In DED patients, the blink pattern was irregular (Fig. 3B). Partial blinks, prolonged CDP, and short IBI were the three main characteristics of their spontaneous blink patterns. Partial blinks are shown in Figures 4A and 4B. In DED patients, the mean ECP was longer than it in control patients (1.93 ± 1.24 vs. 0.59 ± 0.30 seconds, P < 0.001). Sometimes the double peak curve of the ECP phase was detected in several severe partial blink patients (Fig. 4C). Mean CDP, EOP, and LOP were also longer in the DED group than in the control group (0.56 ± 0.89 vs. 0.14 ± 0.22 seconds, P = 0.029; 3.20 ± 1.44 vs. 1.09 ± 0.79 seconds, P < 0.001; 1.90 ± 0.85 vs. 0.73 ± 0.49 seconds, P < 0.001, respectively, Fig. 4B, 4E). In addition, the IBI was shorter in DED patients than in the control group (12.52 ± 3.49 vs. 17.37 ± 1.59 seconds, P < 0.001). The results were summarized in Table 3. 

When evaluating the relationship between spontaneous blink pattern parameters and DED clinical tests, OSDI scores were correlated with ECP, the number of partial blinks and the number of blinks (r = 0.443, P = 0.027; r = 0.553, P = 0.004; r = 0.446, P = 0.026). The FBUT had a negative correlation with ECP (r = −0.618, P = 0.001) and the number of partial blinks (r = −0.413, P = 0.040). The LLT showed no correlation with the others, but the LLT-CV was positively correlated with ECP, CDP, and LOP (r = 0.629, P = 0.001; r = 0.396, P = 0.050; r = 0.397, P = 0.049). The corneal and conjunctival staining (the Oxford score) was positively correlated with ECP, CDP, and the number of blinks (P = 0.024, 0.007, and 0.022), and negatively correlated with IBI (P = 0.037).
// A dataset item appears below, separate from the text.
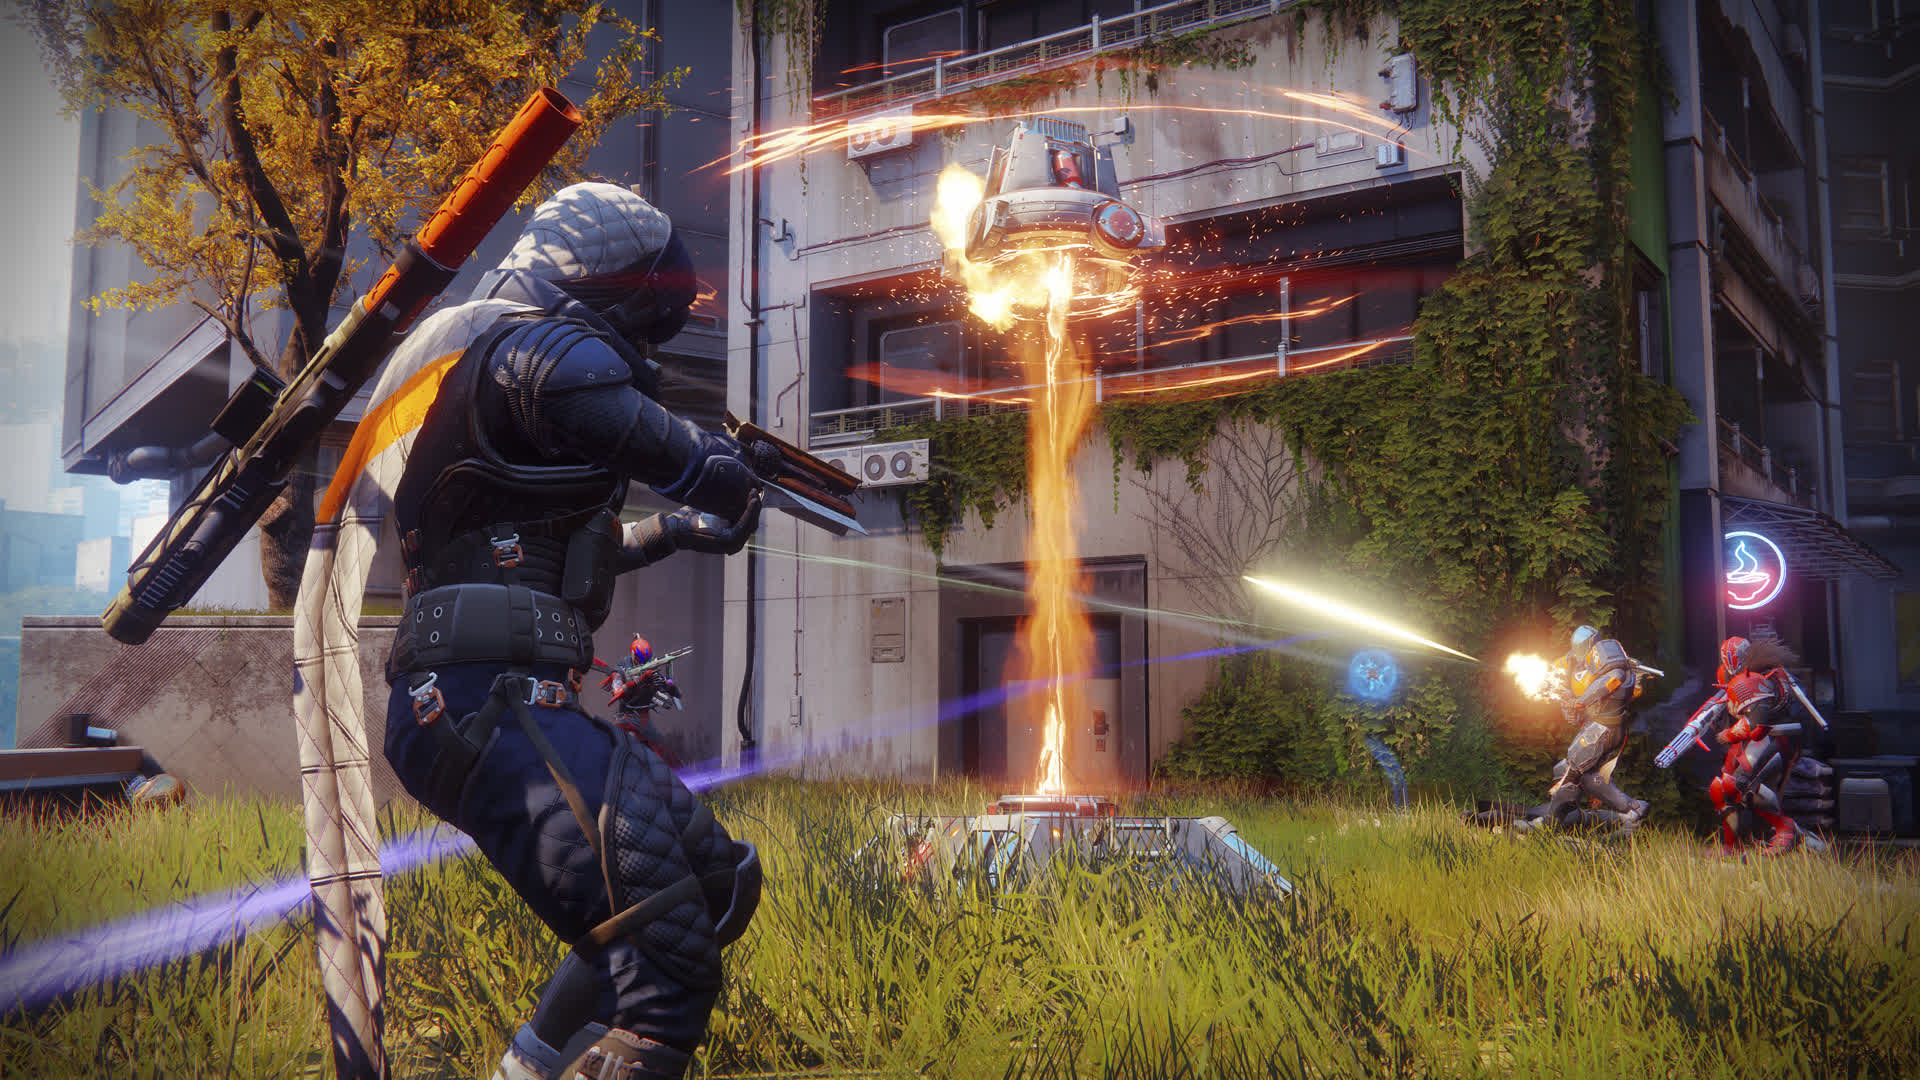 Destiny 2 cheat maker accuses Bungie of hacking and reverse engineering

The correlation results were summarized in Table 4 and Figure 5. 

Spontaneous eye blinking is influenced by ocular surface health status and its observation might be a useful parameter to evaluate ocular surface diseases. Exposure keratopathy appeared to be associated with incomplete blinking and the precipitation of the contact lens surface may be accelerated by incomplete blinking.¹⁷ DED is the most common ocular surface disease and an abnormal spontaneous blink pattern has been considered as part of DED pathogenesis. Previous studies mostly focused on the spontaneous blink rate and the incomplete blink rate, but more complex patterns of blinks appeared in DED patients and each phase of the blink procedure might be important to understand the relationship between DED and blinking. The study from Ousler et al.¹⁸ indicated that extended lid closures and increased blink rates were the main differences between DED and healthy subjects. Rahman et al.¹⁹ found that rapid blinking was associated with worse ocular surface and tear film instability. Although these studies have raised interesting issues about the relationship between spontaneous eye blinking and DED, the blink pattern and the different phases of blinking need to be further analyzed. Some studies divided the blinking process into three phases, as did Bologna et al.²⁰ (closing phase, opening phase, and interphase) and others, such as Kwon et al.,¹⁶ divided it into four phases (closing, closed, early-opening, and late-opening phase). The latter study analyzed the palpebral aperture, peak blinking speed, average blinking speed, and the duration of spontaneous blinking in 25 healthy volunteers. The mean duration of one blink in their study was 572 ± 25 ms and the blink motion was asymmetric with a much faster closing action compared with the opening action. The opening phase included 97% of the early opening and the last 3% recovery during the late opening. In our study, a high-speed camera was used to record the details of blink motion and the blink pattern could be divided into five phases (including closing phase, closed phase, early-opening phase, late-opening phase, and blink interval). Interestingly, in the present study, the closed phase and the blink interval, which were not evaluated previously, appeared to be sensitive parameters to differentiate DED from healthy controls (Fig. 6; Table 5). 

From this study, partial blinks, prolonged CDP and short IBI were the three main characteristics of the DED blink pattern. Longer ECP and partial blinks indicate that the blink is incomplete and this type of blink is not sufficient to refresh the tear film, to induce lipid secretion and to clean the corneal surface. With insufficient tears and lipid secretion, tear film renewal might be only located in the important optical region (central cornea). Consequently, partial blinks might become a compensatory response to an abnormal tear film in DED patients. In accordance, Harrison et al.²¹ showed that DED patients had greater stability of the newly deposited tear film after an incomplete blink as compared with a complete blink. Although partial blinks could be an adaptive protective response, it might aggravate, in a vicious circle, tear film dysfunction with less lipid secretion from MGs. Meanwhile, partial blinks might also induce thinning and destabilization of the tear film in the proximity of the upper eyelid and might result in an “imprint” of the thinning over the corneal surface, as proposed by Yokoi et al.²² Interestingly, the partial blink rate has a positive correlation with the OSDI, and a negative correlation with FBUT, confirming its close relationship with ocular surface status in DED. 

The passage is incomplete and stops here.